The resulting system effectively models diagram generation as a compilation process, where the compilation target is a constrained optimization problem rather than (say) a binary executable or a static image.  Once compiled, this problem can be used and \emph{reused} to generate visual diagrams; \cref{fig:HighLevelPipeline} illustrates the high-level system flow.  From a programming language point of view, a mapping expressed in this framework defines an \emph{executable visual semantics}. That is, it gives a specific, visual, and computable interpretation to what were previously just abstract logical relationships.

\subsection{Language-Based Specification}
\label{sec:LanguageBasedSpecification}

\begin{figure}
   \centering
   %\includegraphics{assets/penroseRetargeting.pdf}
   \begin{minipage}[c]{.30\linewidth}
   \caption{By specifying diagrams in terms of abstract relationships rather than explicit graphical directives, they are easily adapted to a wide variety of use cases.  Here we use identical \Penrose{} code to generate ray tracing diagrams for several targets (\cref{sec:RayTracing}). The \Style{} program for this domain makes use of a plugin that expands the regular expression for light paths based on the canvas size, \ie small canvases get fewer bounces in the light path. Though the arrangement and number of objects changes in each example, the meaning remains the same.\label{fig:Retargeting}}
  \end{minipage}\hfill
  \begin{minipage}[c]{.6\linewidth}
   \begin{overpic}{assets/penrose/Retargeting.pdf}
      \put(60,15) {\parbox{2in}{
         \texttt{\textbf{PathType} t} \\
         \texttt{\textbf{HasForm}(t,"L(D|S)S*E")} \\
         \texttt{\textbf{Path} p := \textbf{Sample}(t)}
      }}
   \end{overpic}
   \end{minipage}
\end{figure}


A major decision in \Penrose{} is to use programming languages to specify both abstract objects and their visual representation.  Graphical (\eg sketch-based) specification would demand that users already know how to visualize abstract ideas, and it ties abstract content to one specific visual representation, which conflicts with \ref{gol:ManyViz}.  A language-based specification provides the level of abstraction needed to separate content from visualization.
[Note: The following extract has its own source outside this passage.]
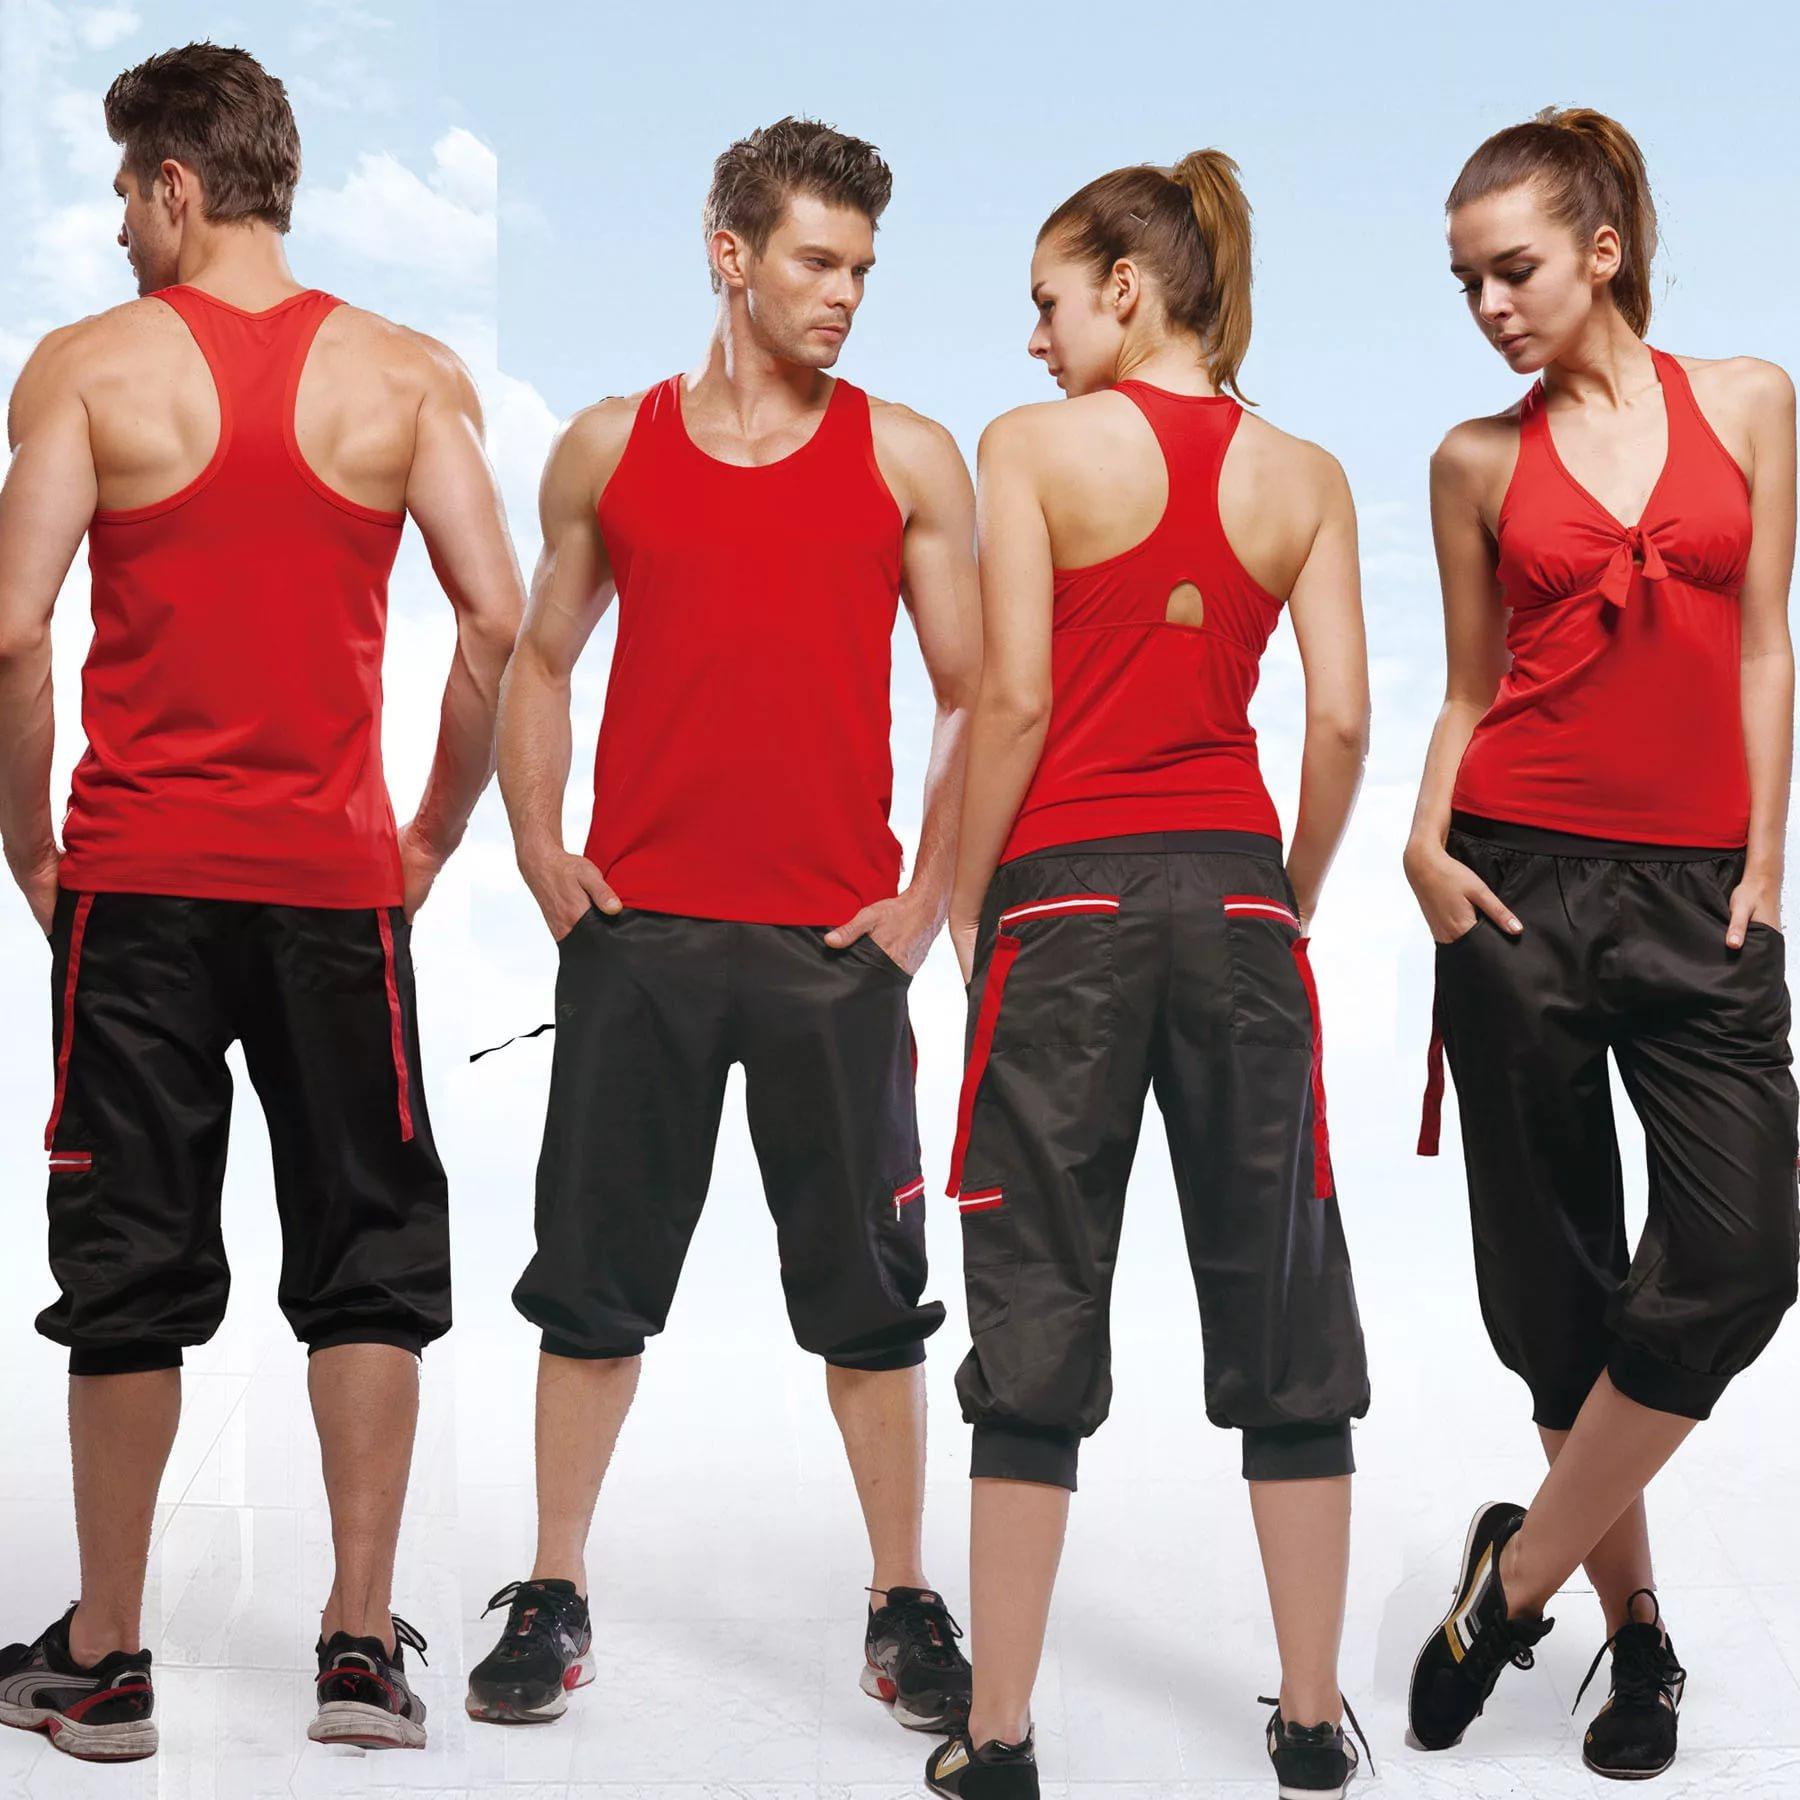 Спортивная одежда, как подобрать с учетом времени года и места тренировки

This technique supports \ref{gol:FamiliarNotation}, since language is the most common means by which ideas are expressed.  From a system design point of view, a language-based encoding provides a unified representation for identifying and transforming abstract objects throughout the pipeline.  Moreover, a language-based interface makes it easy for \Penrose{} to provide a \emph{platform} on which other diagramming tools can be built (as in \cref{sec:DevelopmentEnvironment} or \cref{sec:LargeScaleDiagramGeneration}).  One trade-off is that a language-based approach requires users to express themselves in formal mathematical or computational language, making it more difficult for (say) visual artists and designers to contribute new representations.

\begin{figure}[b]
% \vspace{-\baselineskip}
  \begin{minipage}[c]{.35\linewidth}
    \caption{Most \Penrose{} users need only use the \Substance{} language, but can benefit from packages written by more expert \Domain{} and \Style{} programmers. This is similar to the \TeX ecosystem, where most users only write documents, but benefit from expert-authored packages.\label{fig:NoviceExpertUsers}}
  \end{minipage}\hfill
  \begin{minipage}[c]{.55\linewidth}
     \includegraphics[scale=1.5]{assets/penrose/NoviceExpertUsers.pdf}
  \end{minipage}\hfill
\end{figure}

A secondary decision is to split specification of abstract content and visualization across two domain-specific languages: \Substance{} and \Style{}.  A good analogy is the relationship between HTML \cite{BernersLee:1995:HML}, which specifies content, and CSS~\cite{Lie:2005:CSS}, which describes how it is rendered.  A schema called \Domain{} (analogous to XML or JSON schemas) defines the domain of interest, supporting \ref{gol:NoFixedDomains}. A detailed walkthrough of an example trio of \Domain{}, \Substance{}, and \Style{} is included in \cref{app:penrose-trio-walkthrough}.  In line with \ref{gol:ManyViz}, this division allows the same styles to be reused for different content, and likewise, the same content to be displayed in many different styles.  Our goal is for this division to support an ecosystem where novice users can benefit from packages written by more experienced developers (\cref{fig:NoviceExpertUsers}).  Finally, as in mathematics, the ability to adopt user-defined, domain-specific notation (\cref{sec:MathematicalDomain}) enables efficient expression of complex relationships in a way that is both concise and easy to understand~\cite{Kosar:2012:PCD}.  Encoding ideas directly in the idiom of a problem domain often results in better program comprehension than (say) a sequence of library calls in a general-purpose language~\cite{van_deursen_domain-specific_2000}.  We discuss the scope and limitations of our languages in~\cref{sec:DiscussionandFutureWork}.





\subsubsection{Diagramming Domain (\Domain{})}
\label{sec:MathematicalDomain}

\begin{figure}
   \begin{minipage}[c]{.35\columnwidth}
      \vspace{5\baselineskip}\caption{One benefit of a unified framework is that different domains are easily combined.  Here, two existing packages (for meshes and set theory) were combined to illustrate that a simplicial complex \figloc{(left)} is closed with respect to taking subsets \figloc{(right)}.\label{fig:DomainInterop}}
   \end{minipage}\hfill
   \begin{minipage}[c]{.55\columnwidth}
  \includegraphics[width=\textwidth]{assets/penrose/domain-interop.pdf}
   \end{minipage}\vspace{-\baselineskip}
\end{figure}

One of our primary goals (\ref{gol:NoFixedDomains}) is to build a unified system for diagramming, rather than to focus on specific domains (as in, say, \emph{GraphViz}~\cite{Graphviz} or \emph{GroupExplorer}~\cite{GroupExplorer}).  A unified design enables objects from different domains to coexist in the same diagram, often by doing little more than concatenating source files (\cref{fig:DomainInterop}).  Moreover, effort put into (say) improving system performance or rendering quality is amortized across many different domains.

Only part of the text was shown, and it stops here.